Press release
Corporate Impunity

Vinci in Qatar: victory and decisive milestone for the former workers

- 3min to read
Vinci-cassation

The indictment of Vinci Constructions Grand Projects (VCGP) concerning the use of forced labour on its Qatari construction sites has been confirmed by the French Supreme Court. Sherpa, the initiator of the complaint alongside the Comité Contre l’Esclavage Moderne (Committee against Modern Slavery) and several former workers, welcomes this important step towards access to justice for former workers.

Ten years after the initial complaint by Sherpa, the highest French court has rejected VCGP’s appeal, thereby upholding its indictment for reduction to servitude, forced labour, working and housing conditions incompatible with human dignity and the obtention of services in exchange for remuneration that is clearly unrelated to the extent of the work performed.

Although the Investigating Chamber had already upheld the indictment issued by the investigating judge, the multinational had requested its annulment. It argued that the indictment should be withdrawn because of an alleged excess of powers of the investigating judge, and because there was no concordant or serious evidence that the French company – as opposed to its Qatary subsidiary – may have committed these offences. None of these arguments were upheld by the court.

Laura Bourgeois, Litigation and Advocacy officer at Sherpa, explains: “By ruling that the French investigating judge did not overstep their authority, the Court definitively allows the investigation to proceed on all the alleged offences.” According to her, “By confirming the French judge’s power to investigate the actions of the multinational, the Court is sending a very positive signal in the fight against corporate impunity.”

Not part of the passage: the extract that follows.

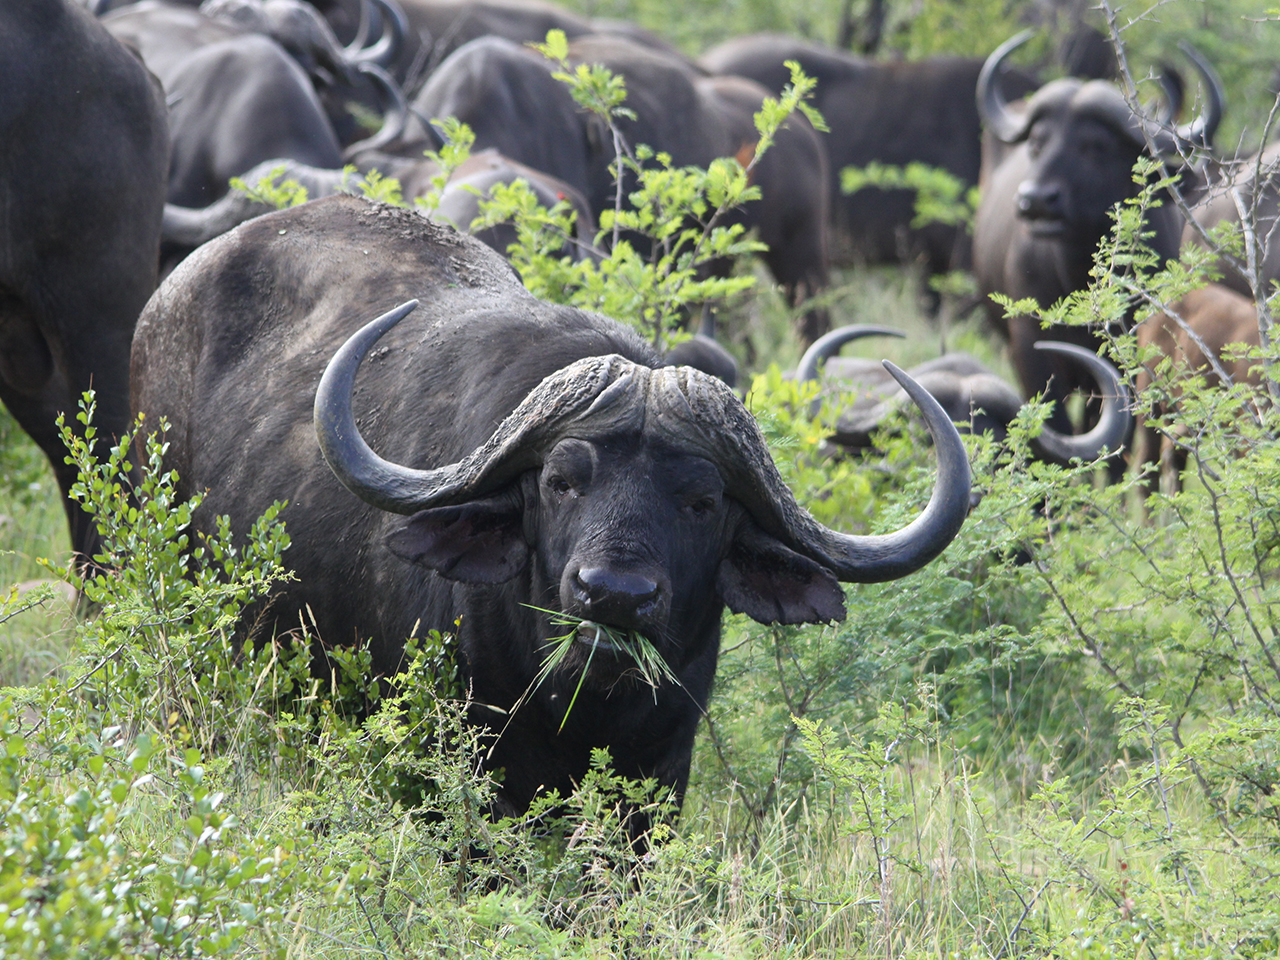 cape buffalo grazing in South Africa
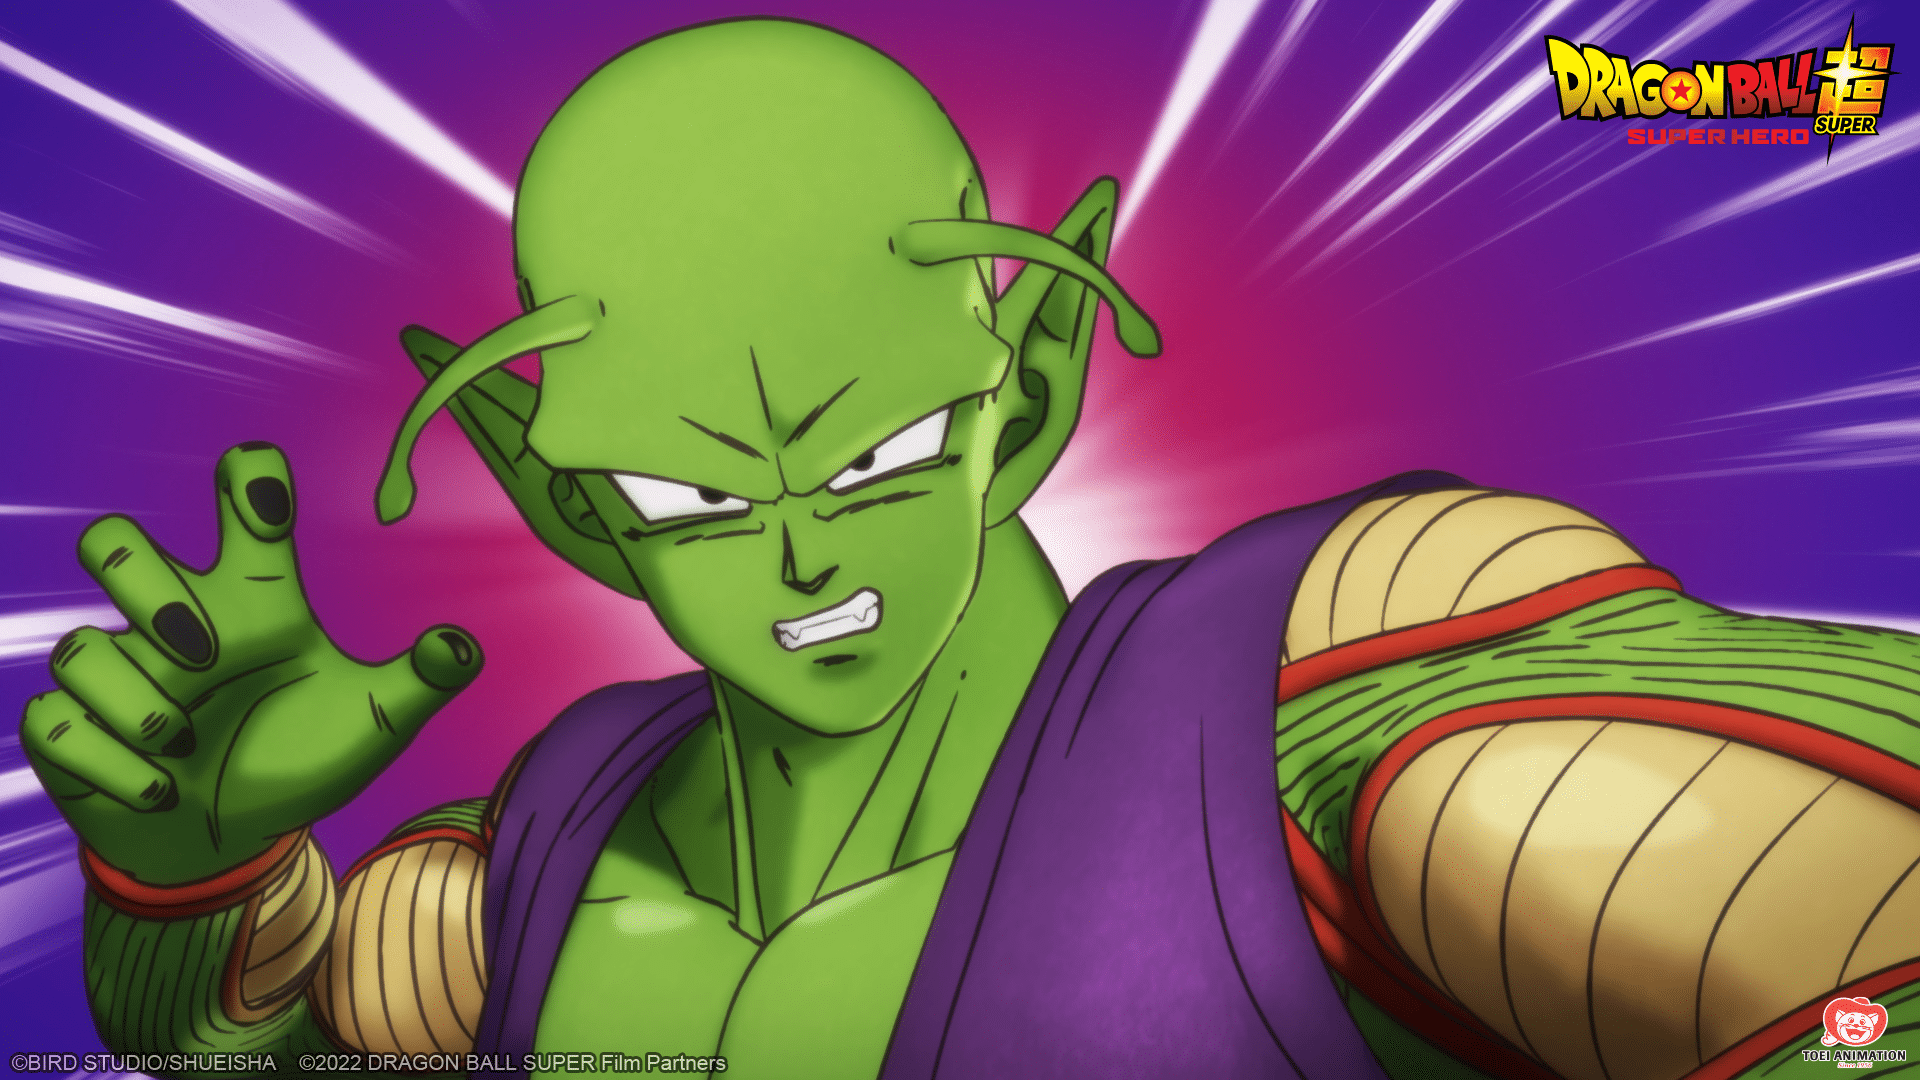 Piccolo in Dragon Ball Super: SUPER HERO. Art © Toei Animation, Crunchyroll, Sony Pictures

In 2014, Sherpa was able to hear testimonies in Qatar on the working conditions of certain constructions sites operated by the Qatari subsidiary of Vinci. These included working in 45° C heat with insufficient water or shade, the withholding of passports, having to pay considerable amounts of money to recruitment agencies, fainting, insufficient access to showers in accommodations, lack of adequate food, etc.

This decision will bring us one step closer to the trial that we have been waiting for so long. It is time for these debates to happen and for the company to be tried,

says one of the former workers, a plaintiff in the case alongside the organisations.

In 2023 and 2024, for the first time, former workers were officially heard by the French judiciary. This step, supported by Sherpa, was a key moment for the plaintiffs after more than 10 years of legal proceedings.

One of the former workers recently died from a heart attack, like many other workers in the region before him (1). His family has decided to continue pursuing his claim, and to join the case as a civil party.

For more information : presse@asso-sherpa.org

Note

(1) Migrants Rights, Dropping Dead, December 2021 ; Amnesty International, Qatar’s failure to investigate, remedy and prevent migrant workers’ deaths, August 2021.